So, my old girl is twenty five years old, the rad has always had green coolant in it, and after all this time it needs cleaning. It still cools, the 327 has no fan, but it has an electric fan with a 190 sensor in the bottom tank of the rad, which has worked well. My issue is....the engine when not moving heats up faster now than before, and takes longer to cool back down when moving. Generally, it's not a problem. My question is this, because rad shops mostly don't do rad work, only re and re's, I'm looking at serious money to clean-redo it, so, got any experience with aftermarket rads? A 36 ford pickup rad has extensions on each side that act as hold downs for the hood. I don't want junk, and am looking for real life experience concerning aftermarket rads. My first rad was aluminum, the bottom tank cracked, so I had the original redone, brass and copper, 25 years ago. Either I redo mine for serious money, or buy new, for the same money. Ideas?
If it aint broke...you know the rest. leaking radiators = bad. Yours doesn't sound bad. maybe something else at fault. How old is that electric fan? You sure it is running? I just had to replace the temp sender on my Olds, it failed after a couple decades.
It doesn't sound like you need to change your rad, you just need to clean the system as you said. There are DIY rad flush products that work great. I usually use the one from Royal Purple called Royal Flush, but others work well. Your local parts store or performance shop should have it. Most of them have a similar procedure, dump all the coolant, fill it with water and the flush and get it up to temp. Dump it out then fill it with water and run it again. Then rinse it all out and fill with coolant again. You'd be surprised at the crap that comes out of even a "clean" system. I've had to do this on 2 of my vintage cars and my yard tractor and it works a treat every time. I use water wetter with the coolant when I refill it.

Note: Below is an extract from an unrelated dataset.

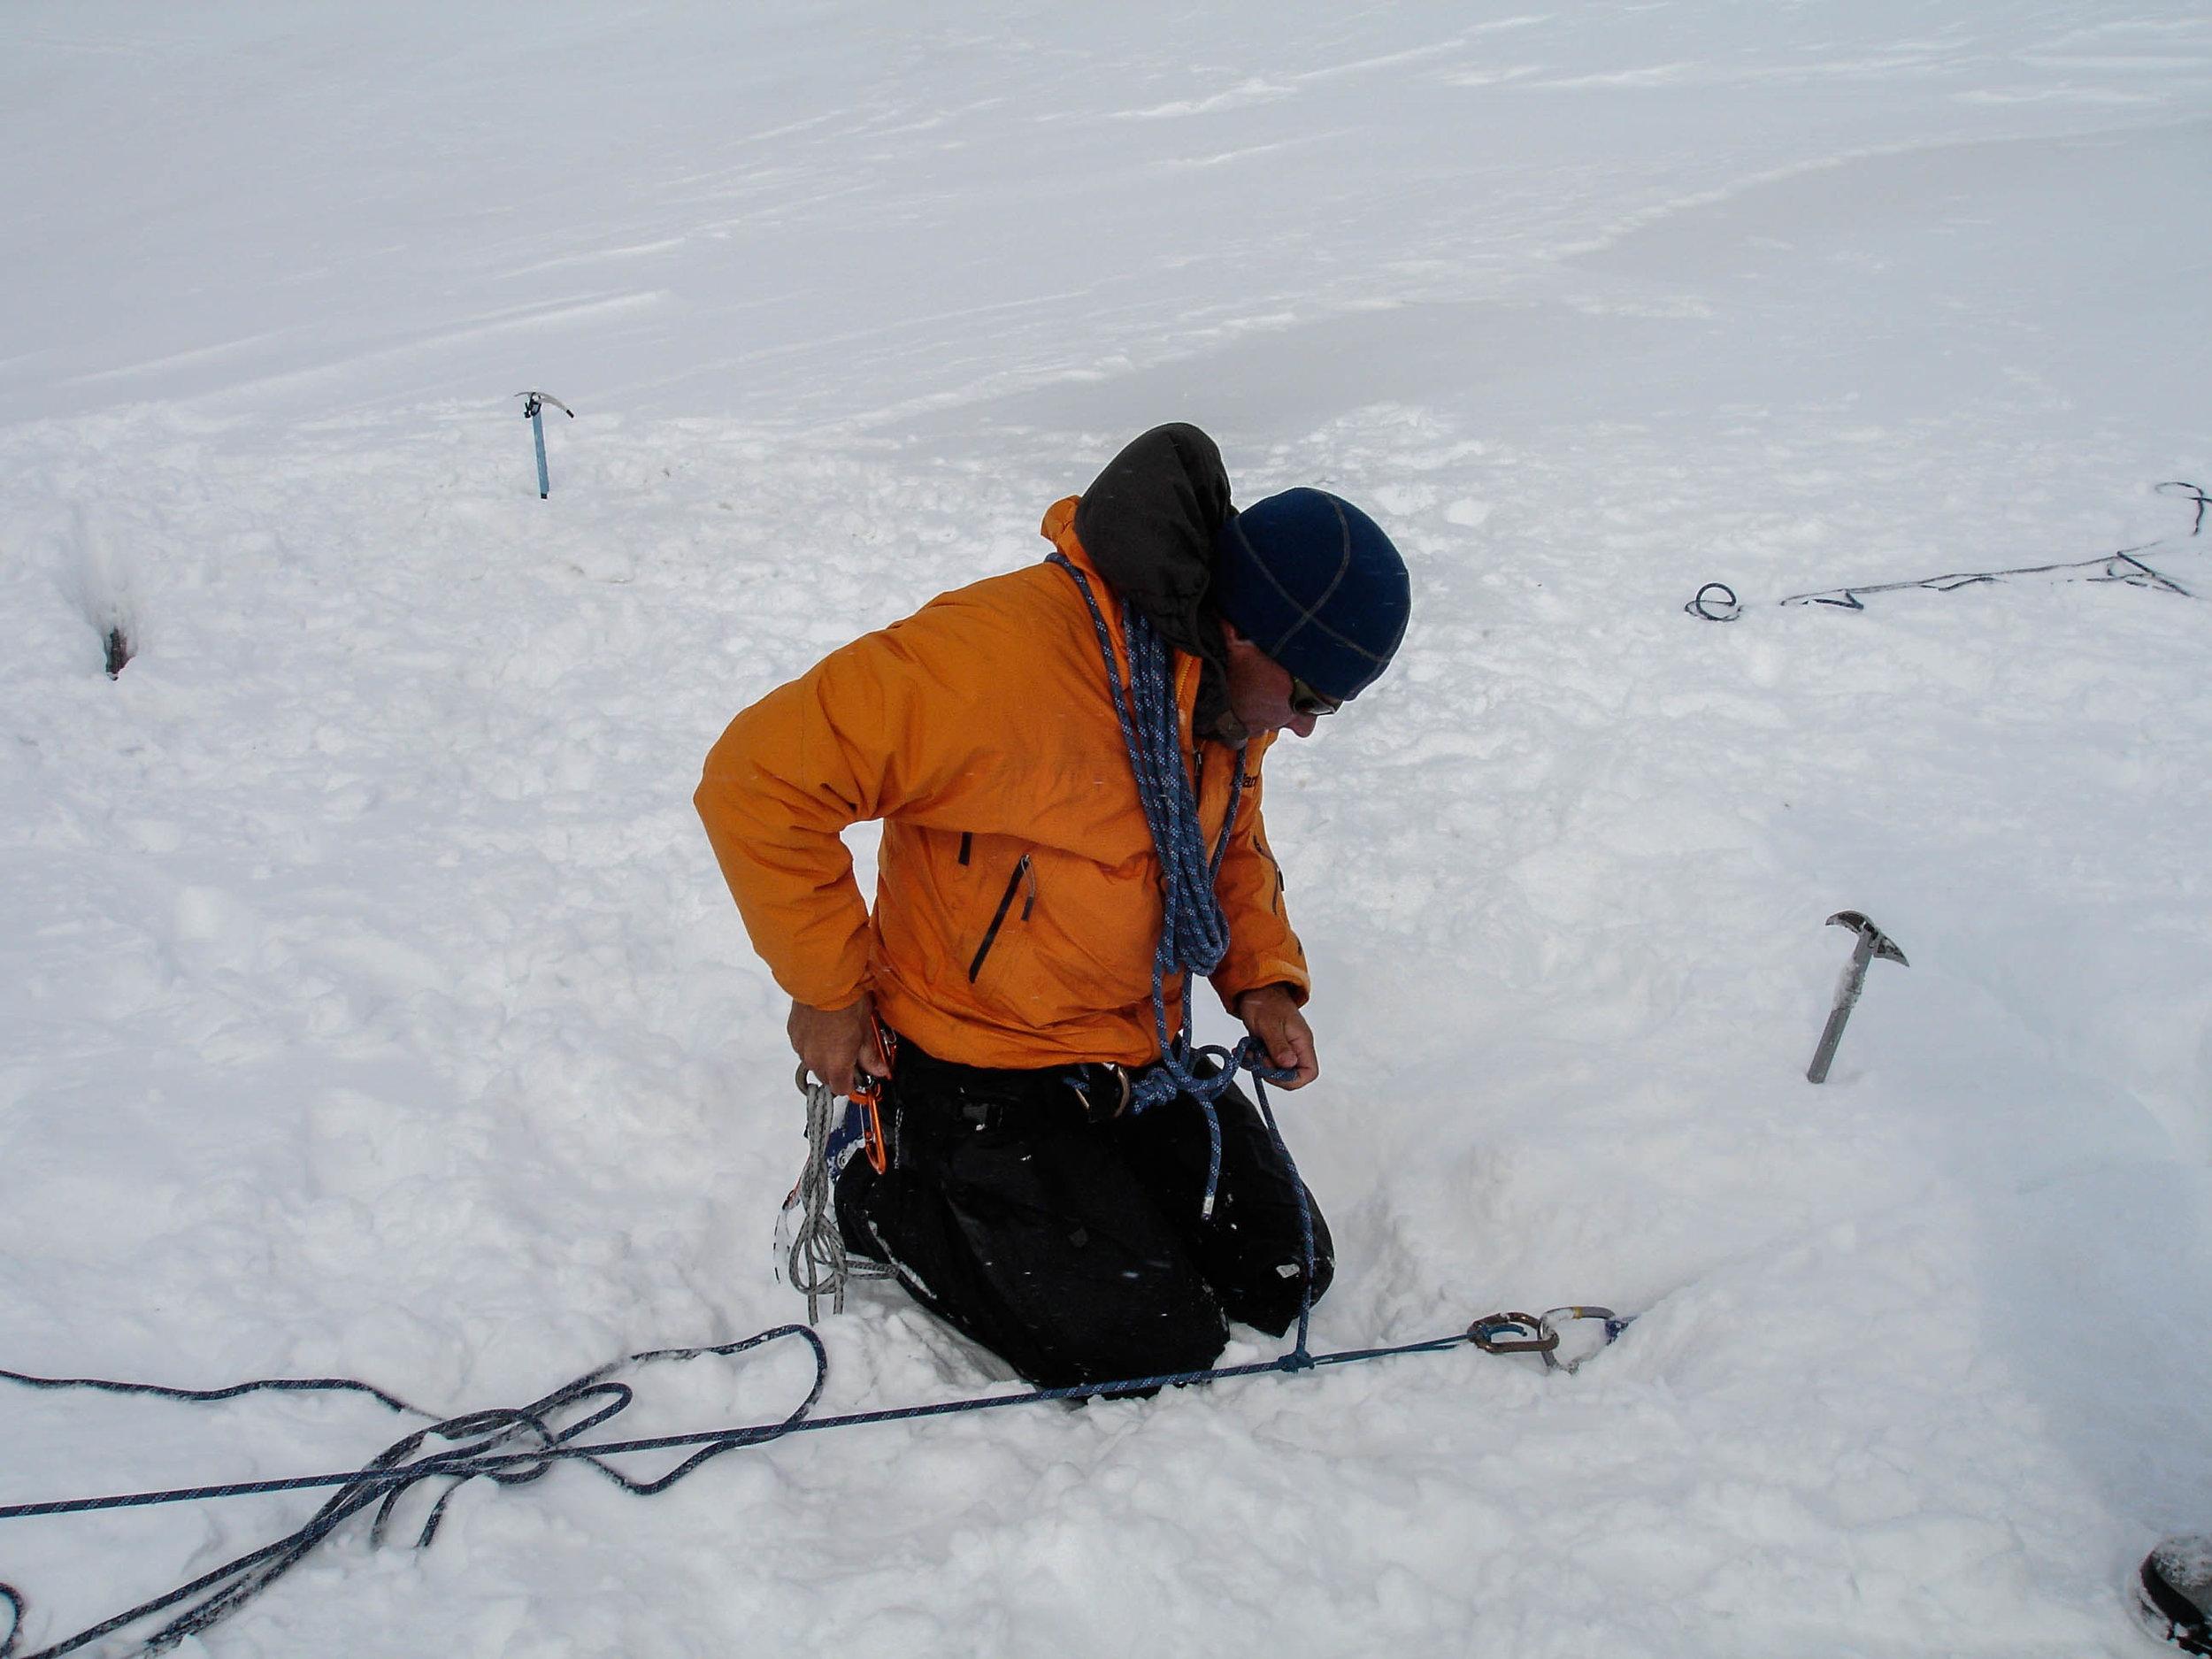 Creavsse rescue on skis practice

Flush the rad with the right products then reverse flush it with a pressure hose in the bottom connection to shift anything that may be blocking the core. When you say green coolant, a high concentration of antifreeze or using waterless coolant reduces cooling efficiency.
^^^^ This as most of the radiator shops that rodded then out are gone. Rust and scale build up inside the tubes. If it is not leaking, I would take it off and lay it flat, fill it up with a flush solution, let it soak for a few hours, and then flush it upside down. What is there to lose?
It's the rad, It works fine, cools still, just heats up at a stop faster than it has in the past. Yes, there is gunk in it, the electric fan will keep it from overheating, it's just time for some much needed maintenance. No, I haven't flushed it, that'll happen soon as the winter warms a bit, was just looking for opinions.
As said use a production flush product. I have used white vinegar with lots of success. Drain and fill with vinegar and drive it for a few days or a week. Flush with lots of water. Lots of threads on this topic.
Having been instructed on radiator repair years ago, it is suprising how little gunk it takes to seal off a tube. I was taught to take off the tank with the least amount of attachments and run the rod through each tube. They will only be blocked at one end. Our shop had factory made hot tank, flow bench and repair station with a dunking tank. You could use the flow bench to back flush a radiator that wasn't too bad. I certainly would try one of the flush products since your radiator doesn't sound too bad.
Take it out and start with a hose on the bottom first. I’d make a PVC plug I could seal to your fittings. If you can use a 90* on/off that best. Blast it from both directions. See how much junk will come out. Then soak it in a cement mixing tub with a vibrating sander attached on the side…You won’t believe how good that works with a product for radiator cleaning like said above. Then using the sealed hose device back and forward flush it. Keep looking inside… it will take time but it’s well worth it. We do this on our circle track radiator every off season. When refilling only use distilled water for your mixing…
A complete system flush has advantages over just cleaning the radiator...... Scale, rust, crap builds up in the block and heads as well as the radiator. I'm always kind of nervous when I flush a system ('cause I can't see/monitor what's going on inside the system), but I think it's the best way. Just be sure to neutralize, neutralize, flush, flush.... Good luck!
Have you checked this place out? Radiator Repair in Langley - Fraser Valley Radiators It appears from their website they're capable of rodding a radiator out....
I don't know if the machines are still in use but back in my mechanicing days i used a "Power Flush" machine that worked along with a radiator flush chemical and did pretty well. The machine had a pump that sent a pulsating pressure through the cooling system. It used one of those Tees that went in one of the heater hoses.
Yep, I cleaned some nasty crap out of the block on one of mine doing the flush. Doing just the radiator is only a part of the system.
The local MayTag dealer used to carry a caustic solution for cleaning dishwashers. I used it for cleaning out fuel tanks. It did a great job of removing all the crud, rust, etc. If you could circulate that while running the engine, I bet it would clean everything out. If the radiator is removed, you would have to devise a way to circulate the mixture. It came with warnings not to breathe in the fumes.